Websites usually use cookies and not your IP address to identify you.

>> No.2779354

>>2773874
Haha, he uses Shitcord....

>> No.2779416

>>2773874
didn't read thread so sry if this was said 15 times

>forcing me to reconfirm my email on discord
Something else is going on here. Either you have some extended security activated or it's something else.

>but cost a kidney
how much is a kidney worth to you? one time I nigger rigged my own online (always on inverter, not internet) UPS that would power my whole bedroom for about 2 hours with about $350 of equipment. My bedroom has a power efficient lamp (~4 watts), small power efficient fan (5 watts), my desktop computer with 2 screens (average <100 watts, max 300), a medium size TV and a Roku (about 40 watts). I could double my run time for ~$130 by adding a 2nd deep cycle battery in parallel.

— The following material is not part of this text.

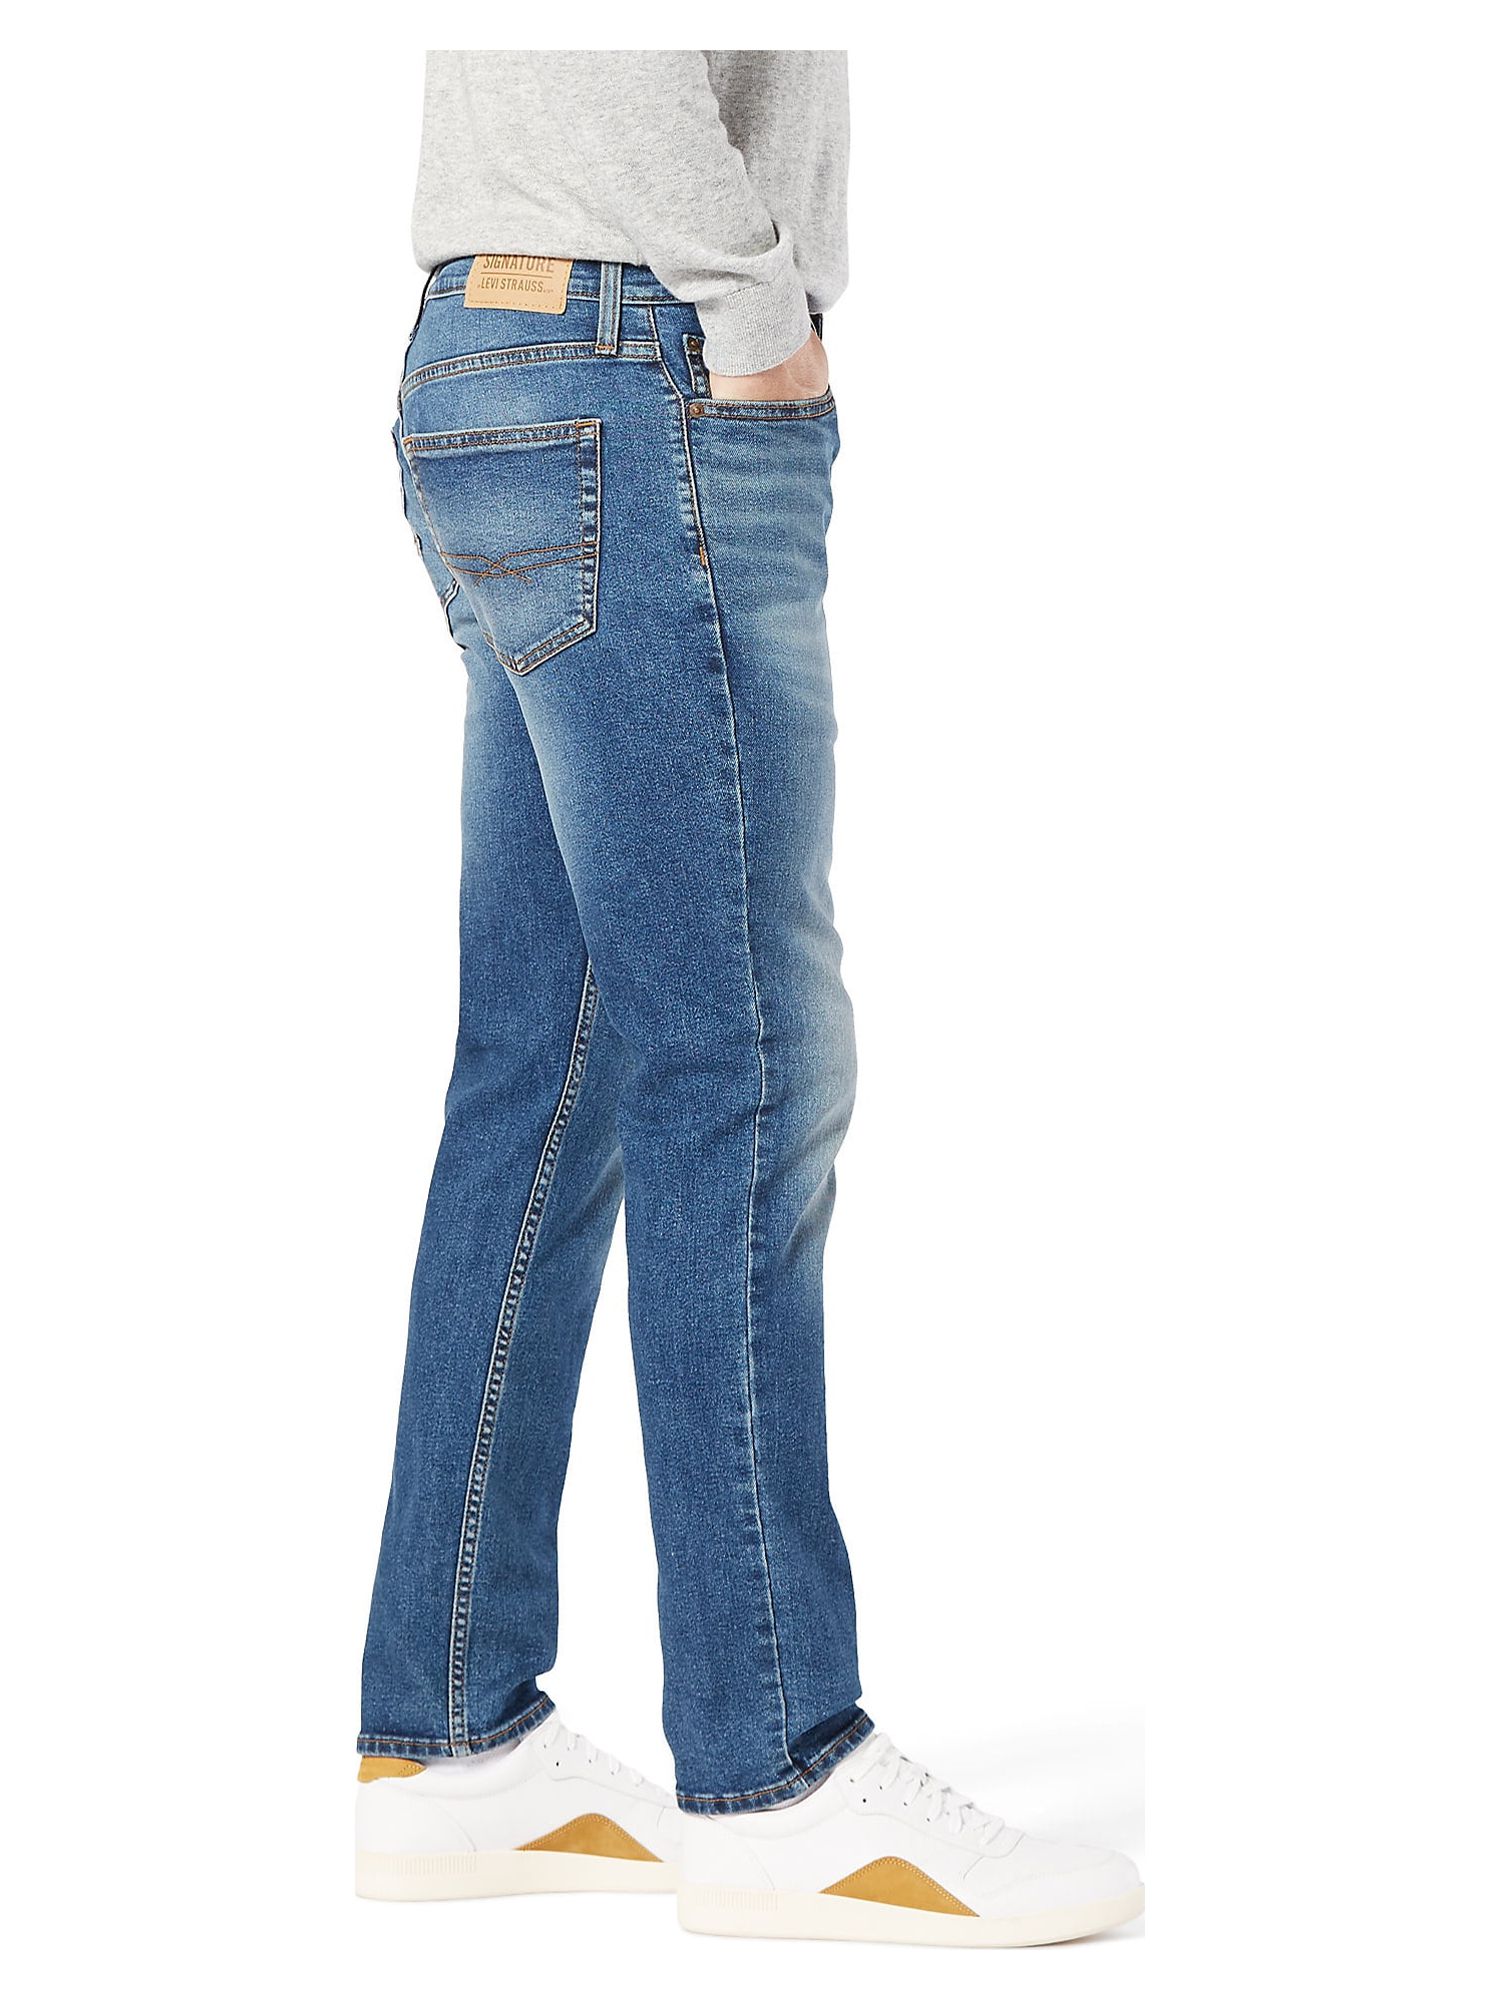 Signature by Levi Strauss & Co. Men’s and Big and Tall Slim Fit Jeans - image 4 of 6

Basically all I did was took a 14v DC power supply at 10 amps, connected the DC-out into the solar panel terminal on the charge controller, put the battery on the battery terminals of the controller and the load on the battery. I Probly shoulda put a fuse in there somewhere but it worked. The DC power supply was too small but I don't normally run my shit at full power consumption (meter showed typically ~100 watts), and even if I did, it was only a few minutes here and there, so it was good enough. I shut all my stuff off at night or put it in sleep mode, so a lot more watts went to charging the battery when I was away.

It worked exactly as I expected. The only way I'd ever notice the power was out is if I happen to notice the DC power supply LED was not lit up, or I go to another room and see there is no power. That being said, I only rolled this way for like a month and nothing got fried or caught fire, so I dunno how long term would work out. I'm sure a much smaller setup for just a router and modem could be rigged for much cheaper, especially since you probably won't need an inverter.